[Start of section]

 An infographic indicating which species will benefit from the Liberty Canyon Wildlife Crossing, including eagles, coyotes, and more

[End of section]
[Start of section]

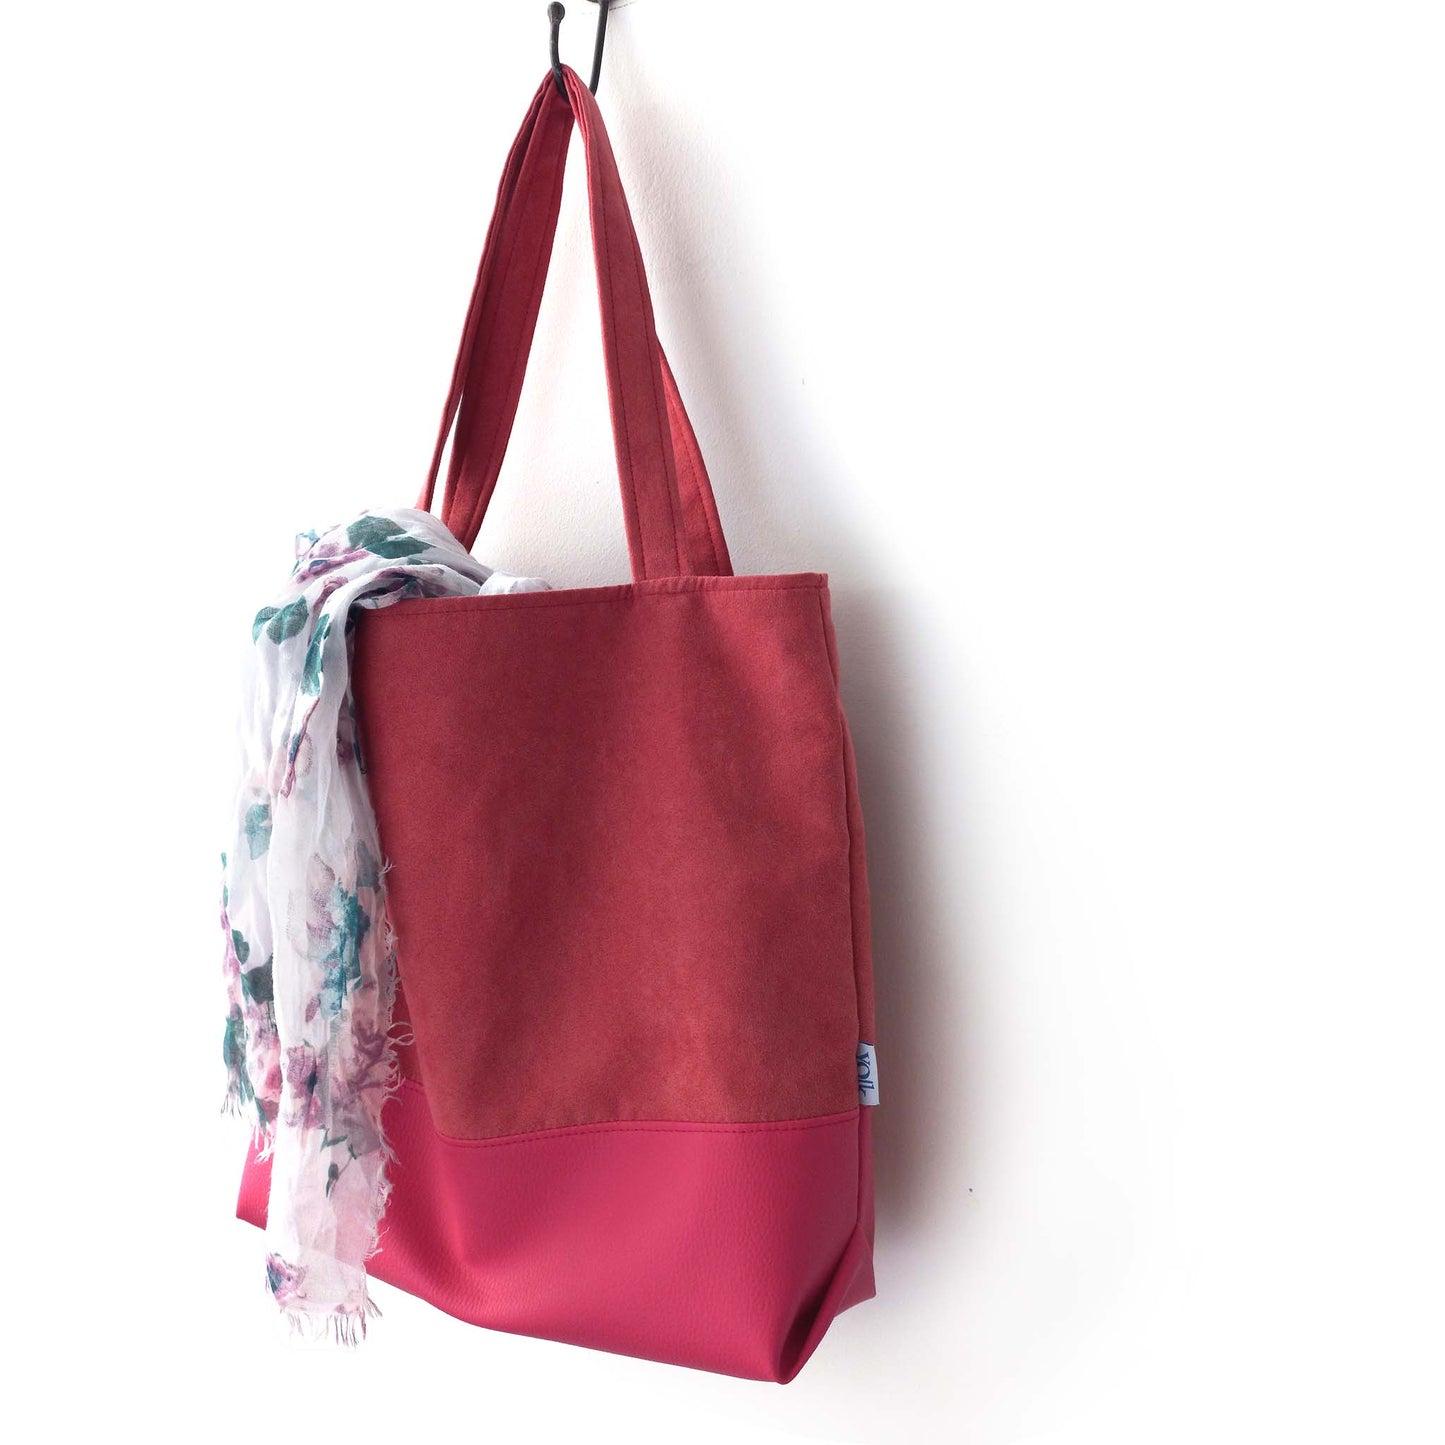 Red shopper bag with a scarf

[End of section]
[Start of section]

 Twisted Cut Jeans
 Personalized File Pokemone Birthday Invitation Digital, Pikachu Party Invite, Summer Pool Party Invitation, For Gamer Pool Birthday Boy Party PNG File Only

[End of section]

### Task description
Restate word for word only the lines above from the line containing "Twisted Cut Jeans" to the line containing "Personalized File Pokemone", both of them included.

### Problem solution
 Twisted Cut Jeans
 Personalized File Pokemone Birthday Invitation Digital, Pikachu Party Invite, Summer Pool Party Invitation, For Gamer Pool Birthday Boy Party PNG File Only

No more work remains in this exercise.